M = a + b1N + b2I + b3NI + e,

where M and N are as described above, I is the index of overpayment, and NI is the interaction term for the joint effect of size and overpayment. Such an analysis in fact explains between 3 per cent and 43 per cent of the variance in the distribution of different ministerial types; with a low multiple correlation of 0.176 for specialized portfolios, and a high multiple correlation of 0.660 for prime ministerships. The relationship we are interested in, however, then becomes some function of b2 and b3 which is relatively hard to describe.

27 It should be borne in mind that because we are dealing with a universe rather than with a sample, there is no question of whether our coefficients are statistically significant. Even the smallest r describes a real relationship.

28 It should be borne in mind that ministries have been assigned to types on the grounds of their area of concern, not their value in any ordinal sense. When several portfolios have the same area of concern, all were assigned to the same category, though only one of them would normally be honored with the title of the category concerned. This is particularly important in the case of the Foreign Affairs ministerial type, which often contains a number of portfolios other than that actually called the Ministry of Foreign Affairs. If these additional portfolios are excluded from the analysis, this ministerial type correlates negatively with the index of overpayment, though not strongly enough to take it out of group two.

29 Schelling, Thomas C., The Strategy of Conflict (New York: Oxford University Press, 1963)Google Scholar, especially Chap. 3.
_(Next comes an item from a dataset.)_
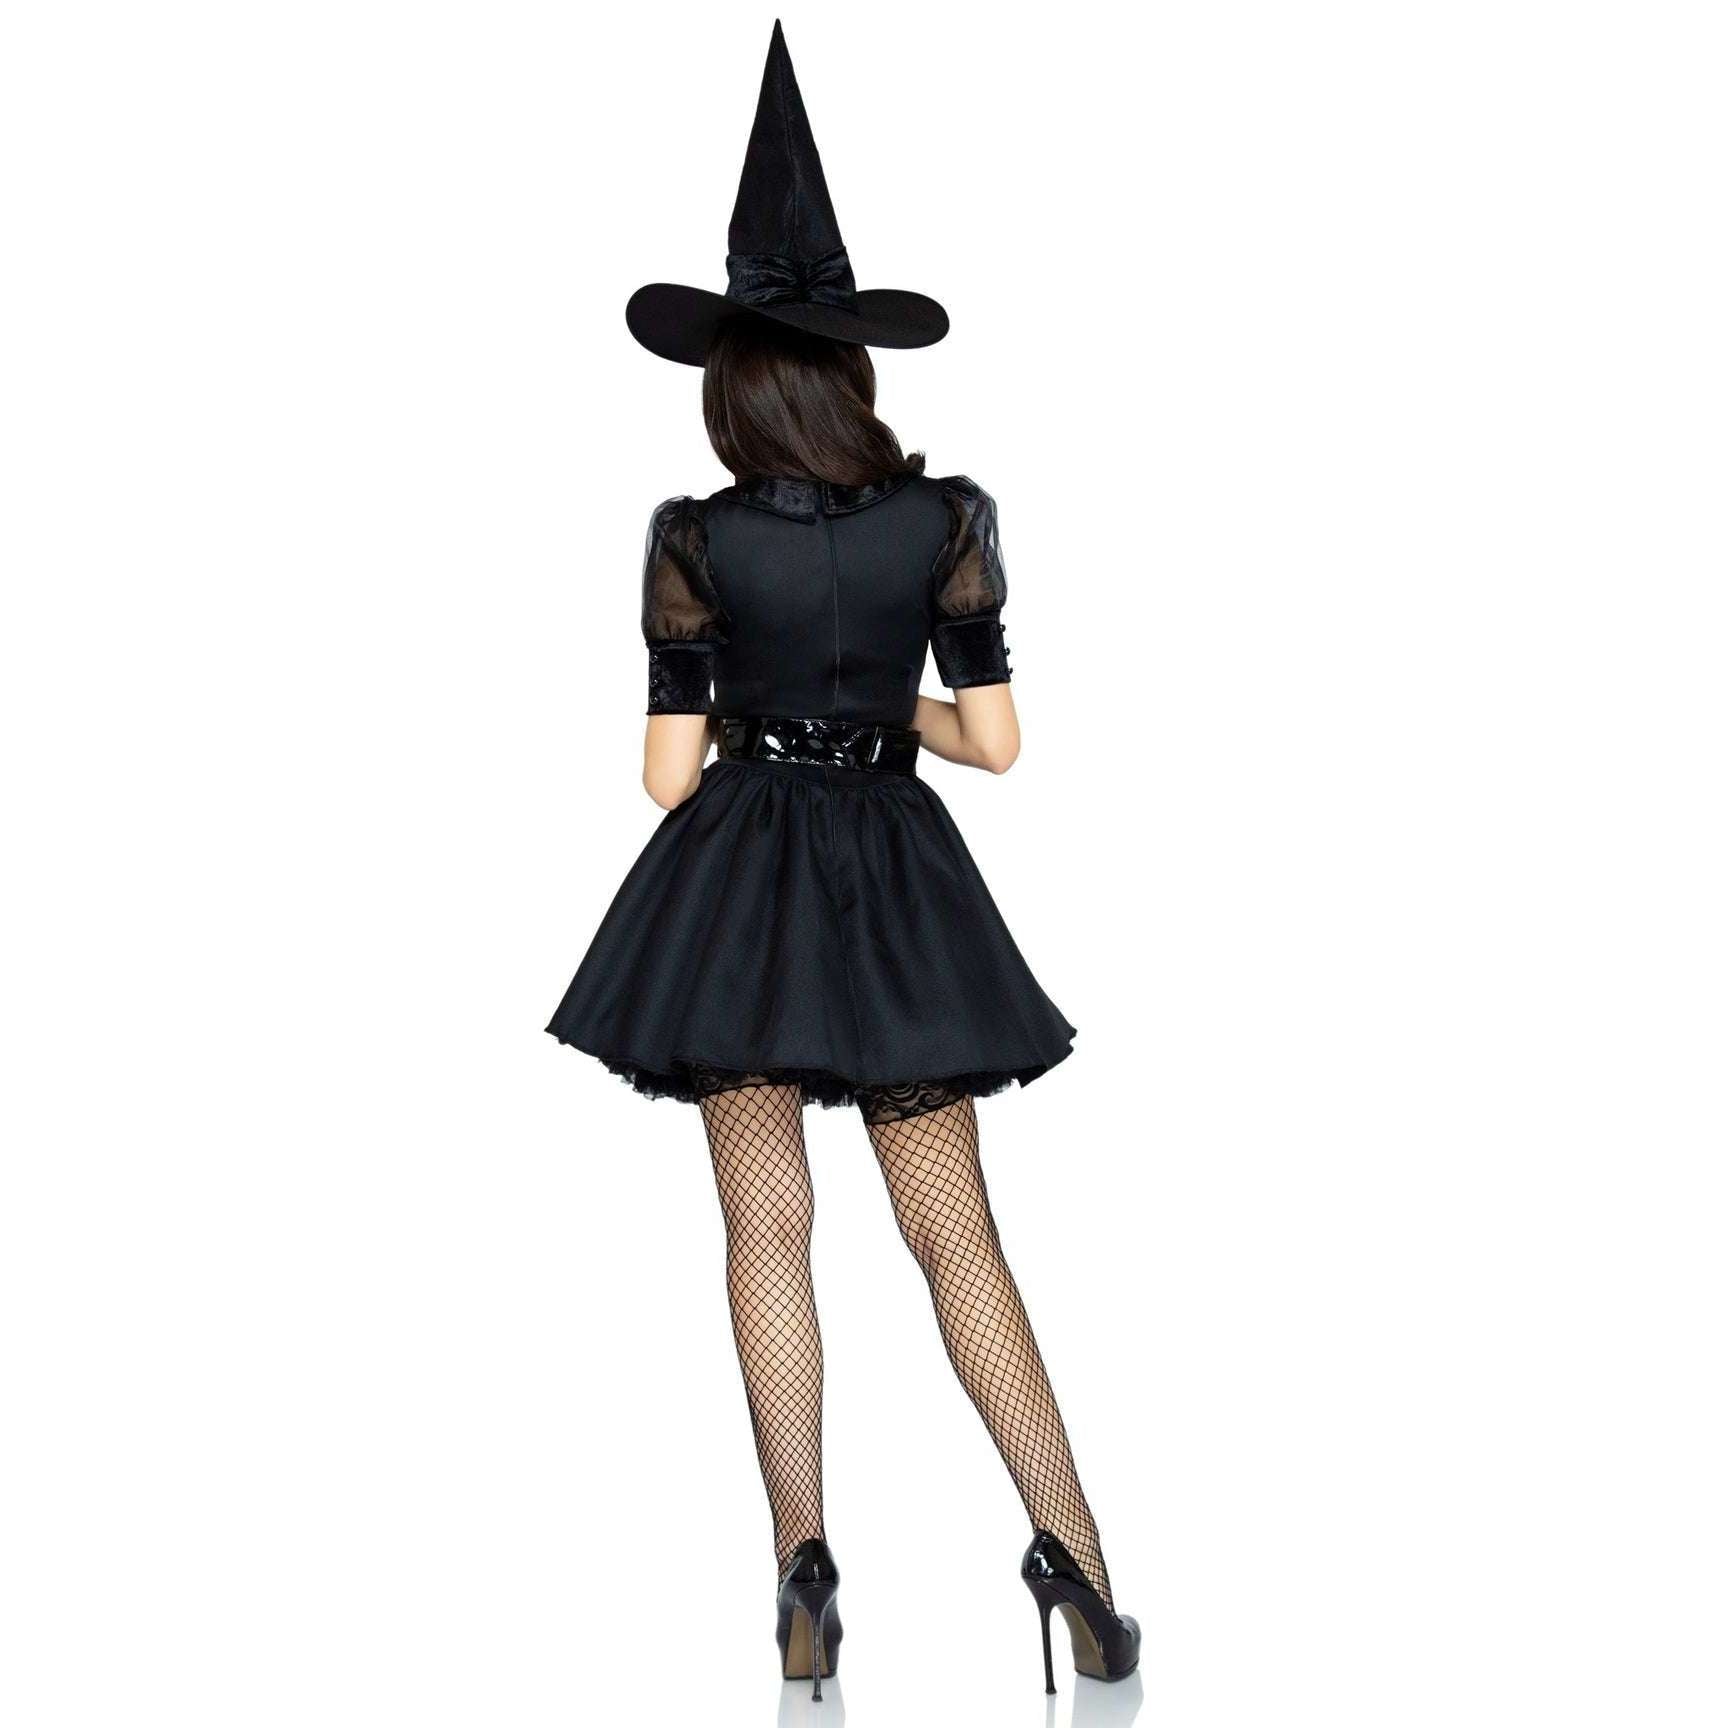 Bewitching Witch Dress Adult Costume

30 See Browne, Eric C., “Testing Theories of Coalition Formation in the European Context,” Comparative Political Studies, 3 (January, 1971), 391410.CrossRefGoogle Scholar Here, we are concerned with determining the extent to which the theories of Gamson, Riker, and Leiserson are able to predict coalition formation outcomes in our universe of thirteen European democracies. Gamson's theory (and Riker's) only had about two chances in a hundred of predicting correctly the formation of an actual winning from sets including ail possible winning coalitions. Leiserson's theory, while somewhat better a predictor than the others, also performed poorly.